11. I further bear in mind that an appellate court should not interfere with the exercise of discretion by an inferior court unless it is satisfied that its decision is clearly wrong due to misdirection or because it has acted on matters on which it should not have acted or because it has failed to take into consideration matters which it should have taken into consideration with the result that it arrived at a wrong conclusion. See Mombasa Cement Limited v Kitsao & 34 others (Civil Appeal E016 of 2020) [2022] KECA 562 (KLR) (24 June 2022) (Judgment).

12. I have carefully considered the grounds of appeal and the parties’ respective submissions. The issue that arises for determination is whether the order of status quo ought to have issued.
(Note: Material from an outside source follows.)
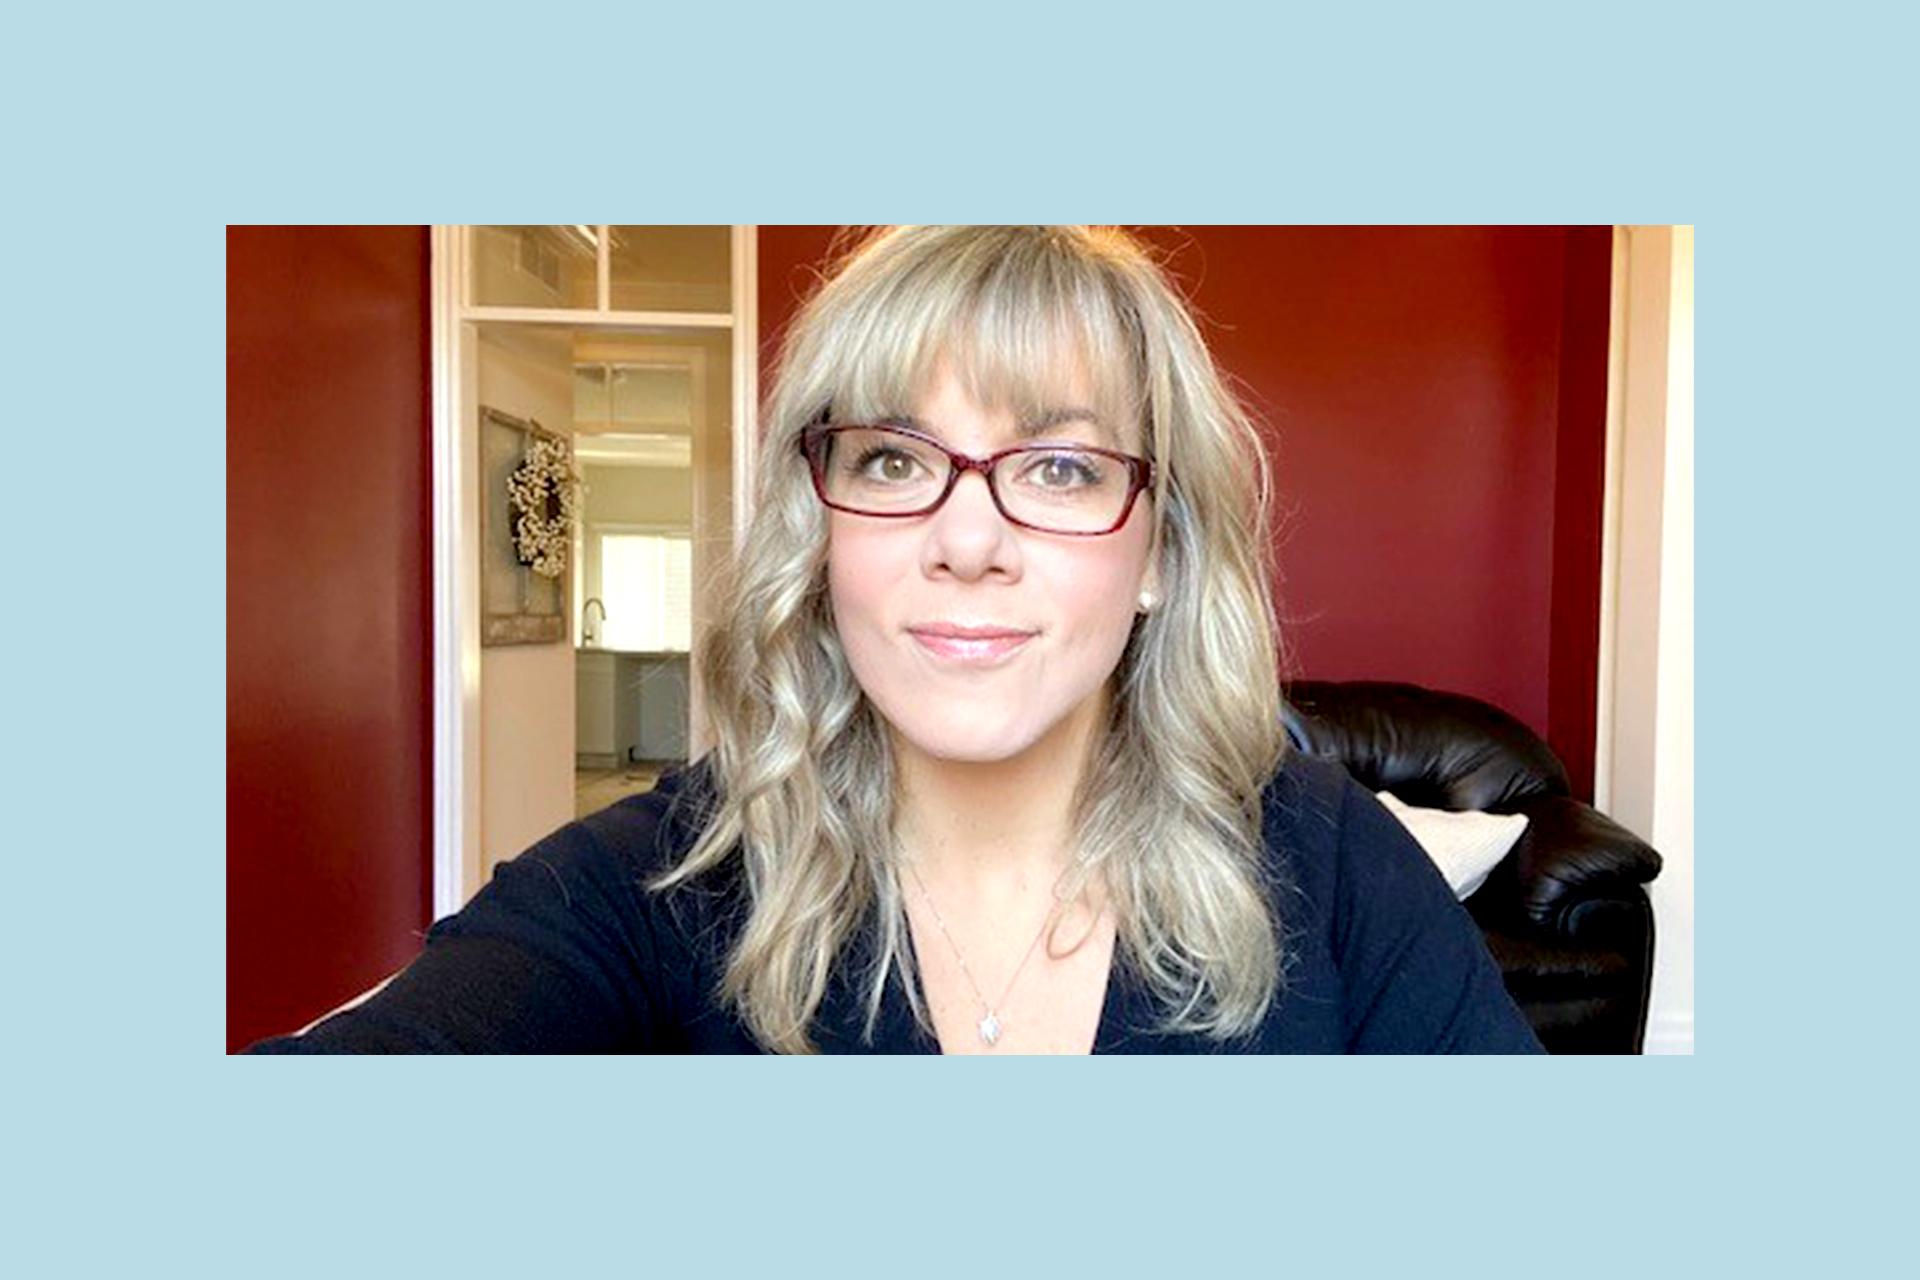 Misty profile photo

13. In entertaining the suit and the application, the Subordinate Court was exercising its environment and land jurisdiction pursuant to Section 26 (3) and (4) of the Environment and Land Court Act and Section 9 (a) of the Magistrates’ Courts Act. The application sought an interlocutory injunction. While dealing with an application for an interlocutory injunction, paragraph 32 of the Practice Directions on Proceedings in The Environment and Land Courts, and on Proceedings Relating to The Environment and The Use and Occupation of, and Title to Land and Proceedings in Other Courts” published by the Chief Justice through Gazette Notice No. 5178 comes into play. The paragraph provides as follows:During the inter-partes hearing of any interlocutory application, where appropriate, parties are encouraged to agree to maintain status quo. If they cannot agree, after considering the nature of the case or hearing both sides the Judge shall exercise discretion to order for status quo pending the hearing and determination of the suit bearing in mind the overriding interests of justice.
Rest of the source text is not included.